The problem
Apart from the images, repeat the data below exactly as written.

Data block

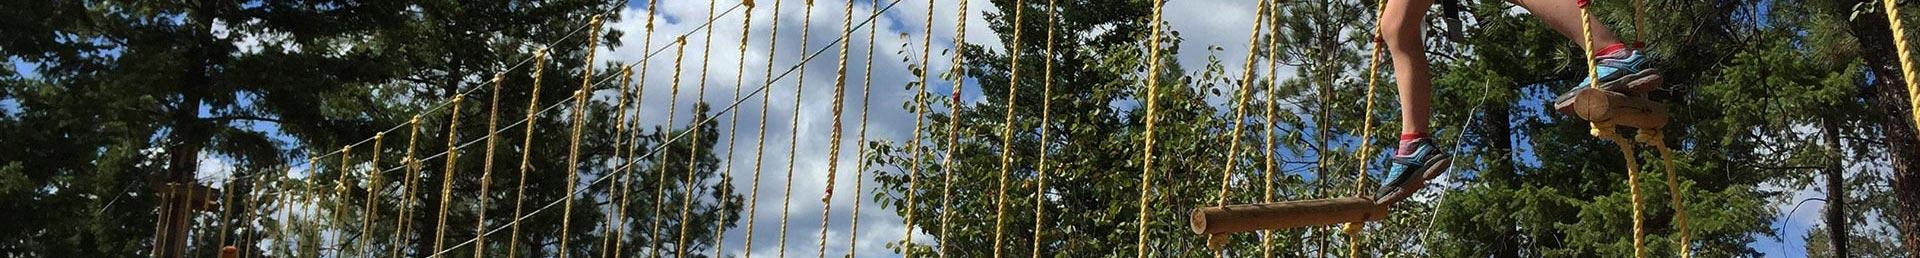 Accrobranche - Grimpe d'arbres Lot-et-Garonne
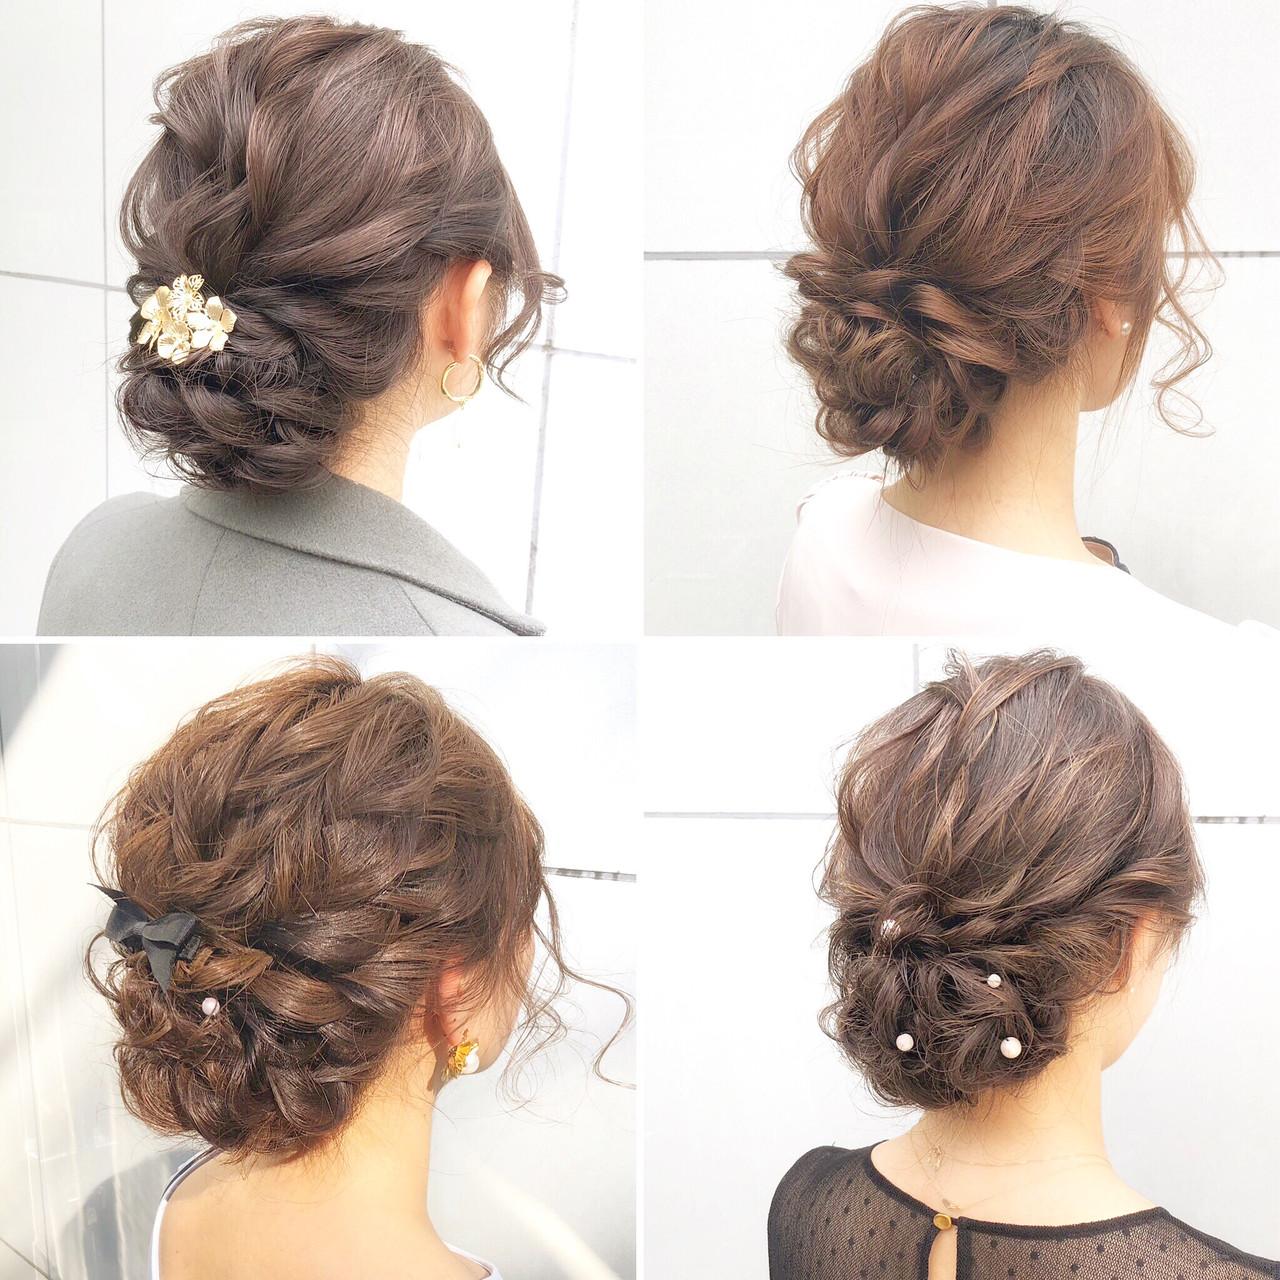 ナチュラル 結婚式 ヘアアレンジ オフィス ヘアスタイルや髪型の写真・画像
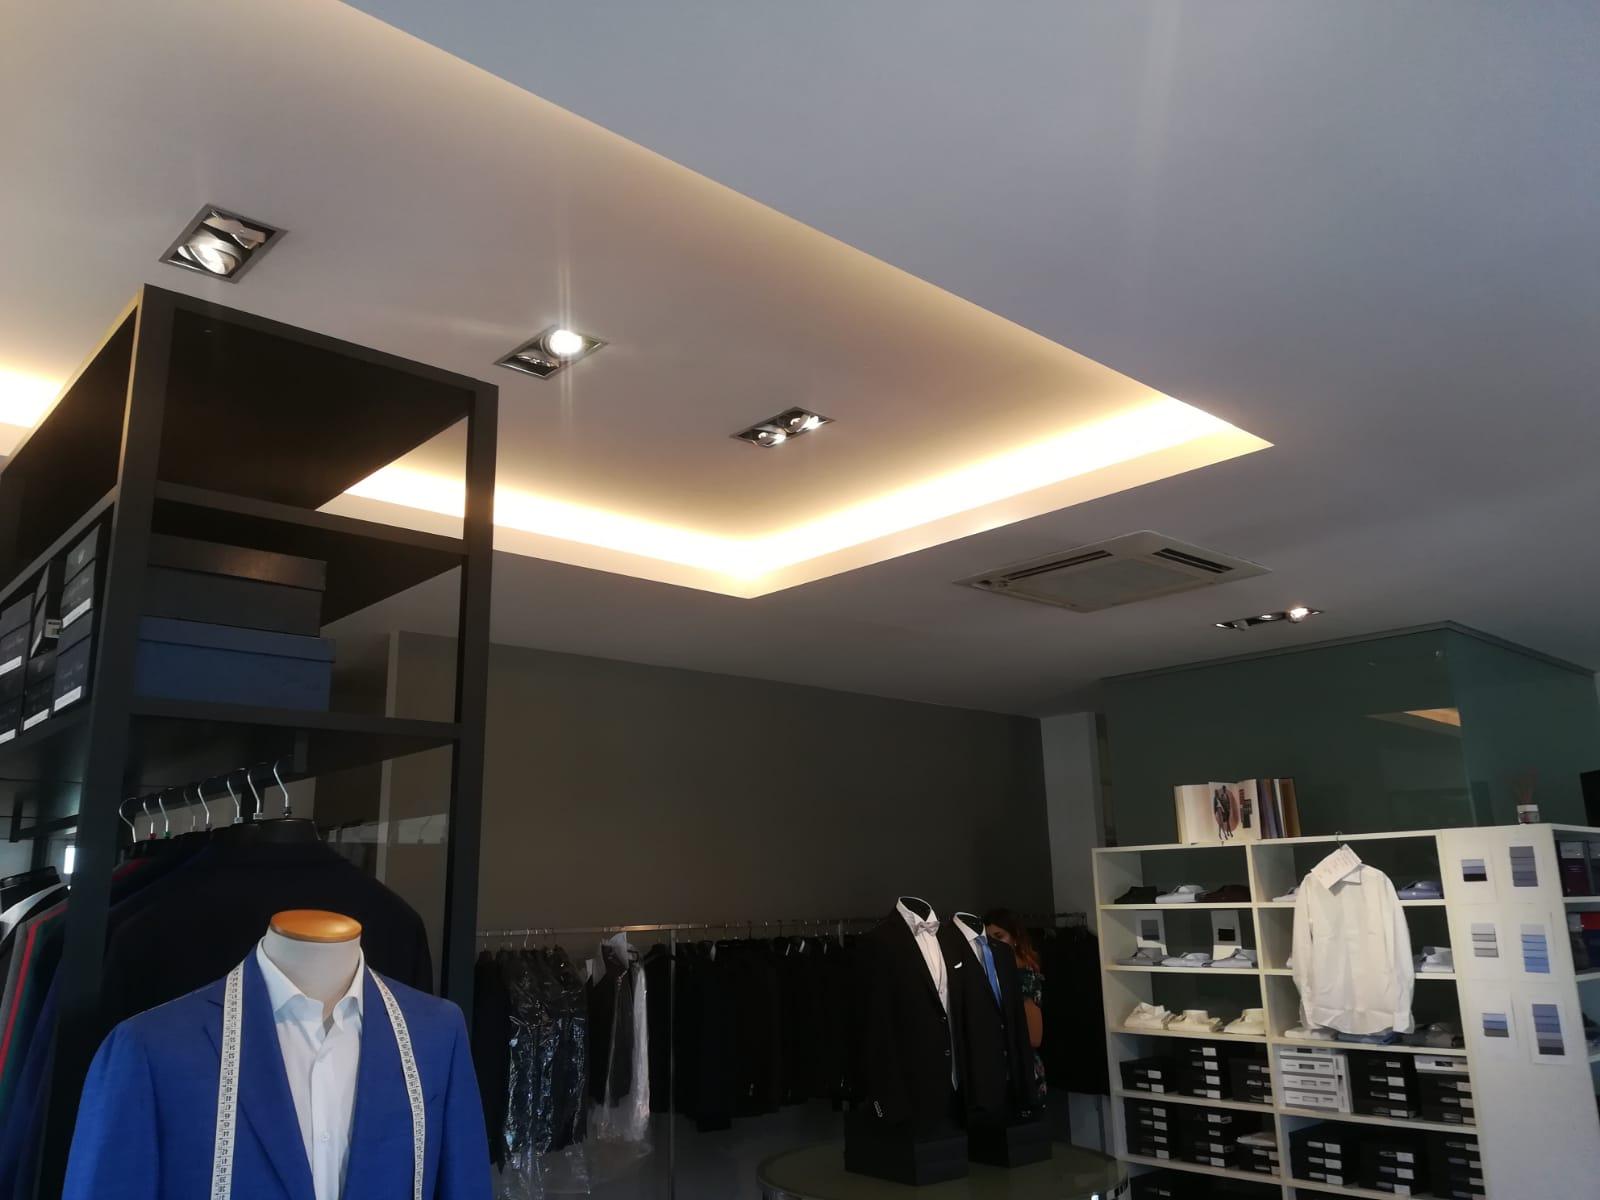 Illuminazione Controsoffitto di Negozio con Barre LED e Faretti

Response to this exercise
 Accrobranche - Grimpe d'arbres Lot-et-Garonne
 ナチュラル 結婚式 ヘアアレンジ オフィス ヘアスタイルや髪型の写真・画像
 Illuminazione Controsoffitto di Negozio con Barre LED e Faretti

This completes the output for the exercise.